The element that can make bones glow - BBC News


----------



## nikhilsharma007nikx (Jun 16, 2015)

I need "project"

- - - Updated - - -

Thank you  [MENTION=118867]fz8975[/MENTION] ,im going ahead with projects on logic gates. im planning to make working models(circuits) and simple computer(calculators sort of something). Ill be posting videos on youtube for other who need help. Thanks for the topic =)

- - - Updated - - -
 [MENTION=142062]Flash[/MENTION] ,its a great article but im in need of projects, like something to work on or research on. These things are out of my reach. Something that can be easily sourced by the school or me would be a better option.


----------



## nikhilsharma007nikx (Jun 21, 2015)

Im done with my physics project. No working models as my teacher didnt want us to. 9 days to end the holidays and im still left with a heck lot of work, along with all the holiday homework. please some easy peasy ideas on some chemistry project as soon as possible?


----------



## nikhilsharma007nikx (Jun 22, 2015)

Any one?


----------



## fz8975 (Jun 22, 2015)

pH of different fruit juices


----------



## nikhilsharma007nikx (Jun 22, 2015)

Nah, I'm thinking of doing quantity of caffeine in diff tea samples.


----------



## Flash (Jun 22, 2015)

You may want to do some experiments on nutritional content of Nestle products..


----------



## nikhilsharma007nikx (Jun 22, 2015)

Hahaha, that's innovative, if only you could have told me earlier . Now I don't have time, I'll just go with what I decided. Keep posting more suggestions, other will get help.


----------



## powerhoney (Jun 22, 2015)

Maybe you could test amount of MSG and/or lead in different noodle brands in India!!!


----------



## GamerSlayer (Sep 15, 2015)

Guys, I need a good topic for my Physics Project! Pls help... I don't have a lot of time left!


----------



## SaiyanGoku (Sep 15, 2015)

GamerSlayer said:


> Guys, I need a good topic for my Physics Project! Pls help... I don't have a lot of time left!

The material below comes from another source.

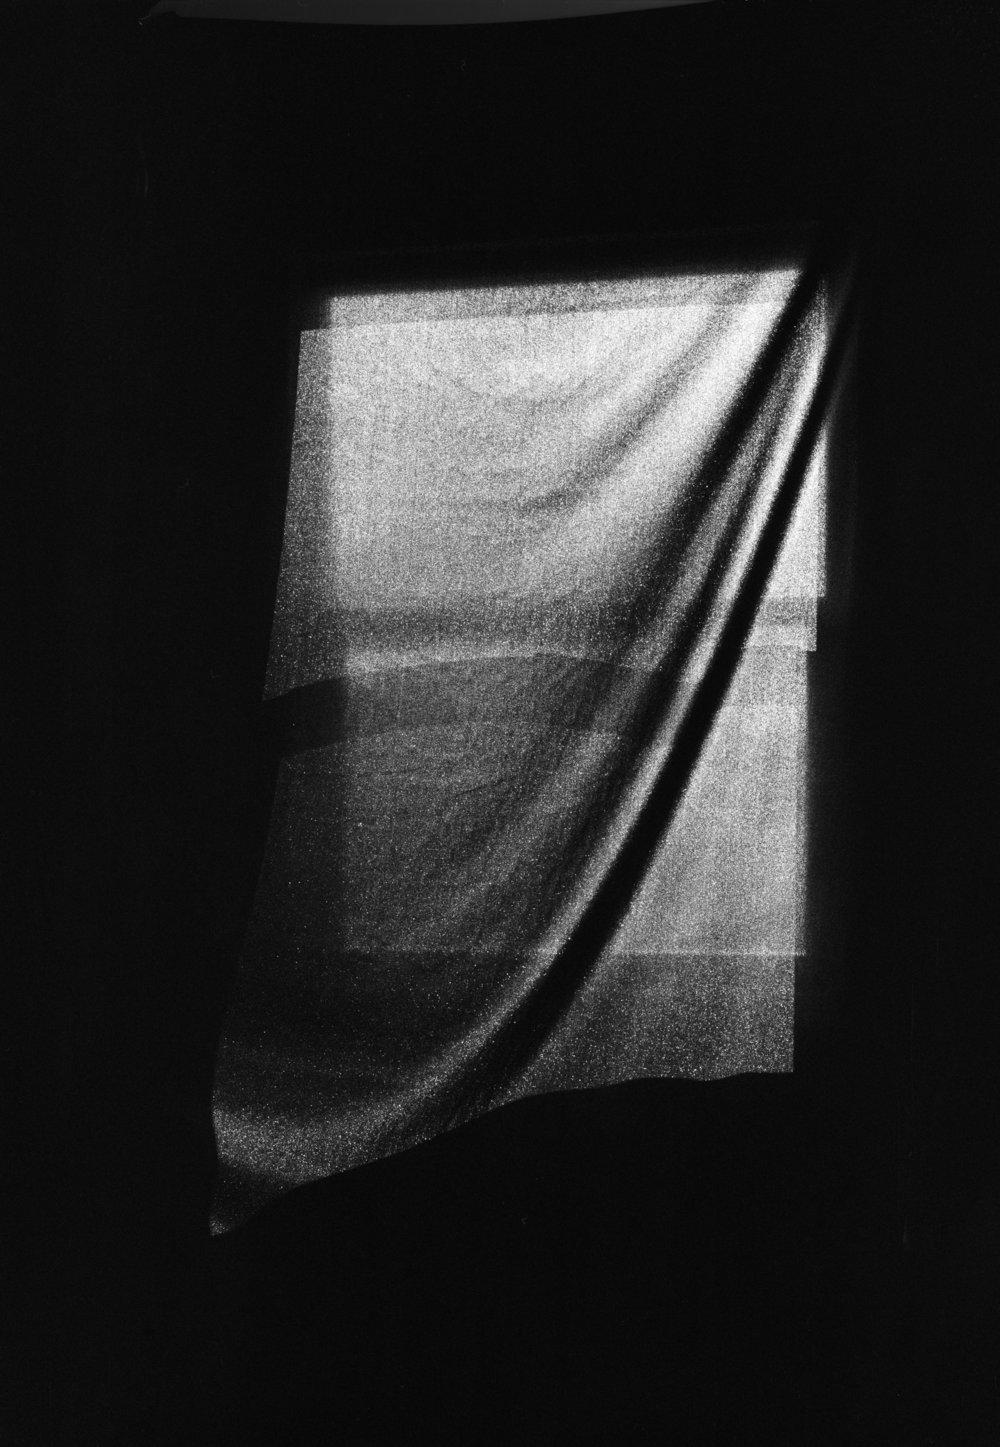 Window Slip , 2013 Archival pigment print 40 x 32 inches   ————
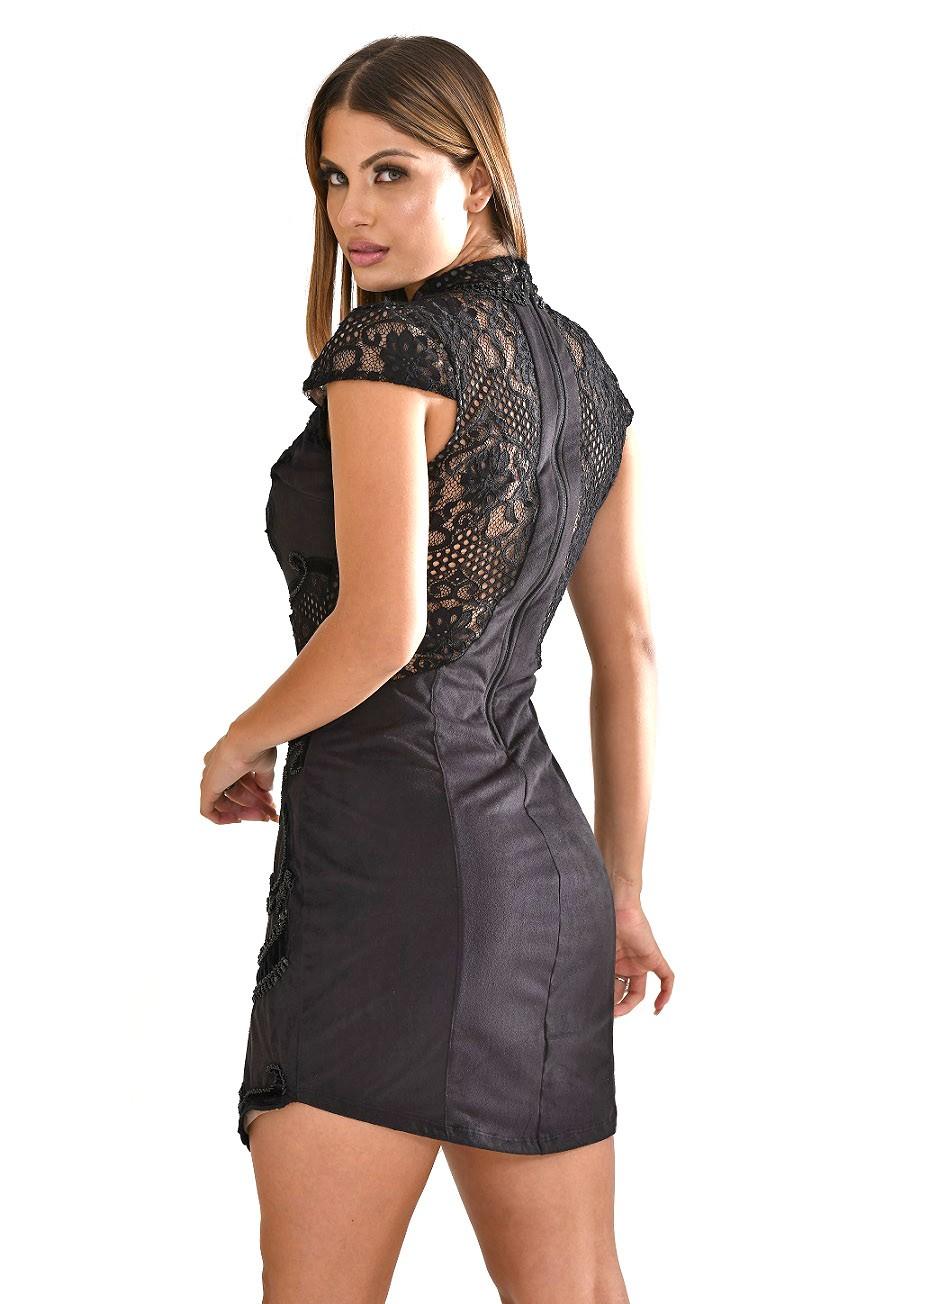 Vestido de suede com decote de tule e bordado

How about wormholes, blackholes or wait for it....


TIME TRAVEL


----------



## nikhilsharma007nikx (Sep 15, 2015)

SaiyanGoku said:


> How about wormholes, blackholes or wait for it....
> 
> 
> TIME TRAVEL


It has to be "investigatory", something to show. Like using equipments. All that is theoretical.


----------



## GamerSlayer (Sep 17, 2015)

Someone help me with a topic please! It has to be theoretical and has to be something that I can perform in the school Lab!


----------



## SaiyanGoku (Sep 17, 2015)

GamerSlayer said:


> Someone help me with a topic please! It has to be theoretical and has to be something that I can perform in the school Lab!


Does your school's physics lab has semiconductor lasers? If yes, then try to perform the YDSE.


----------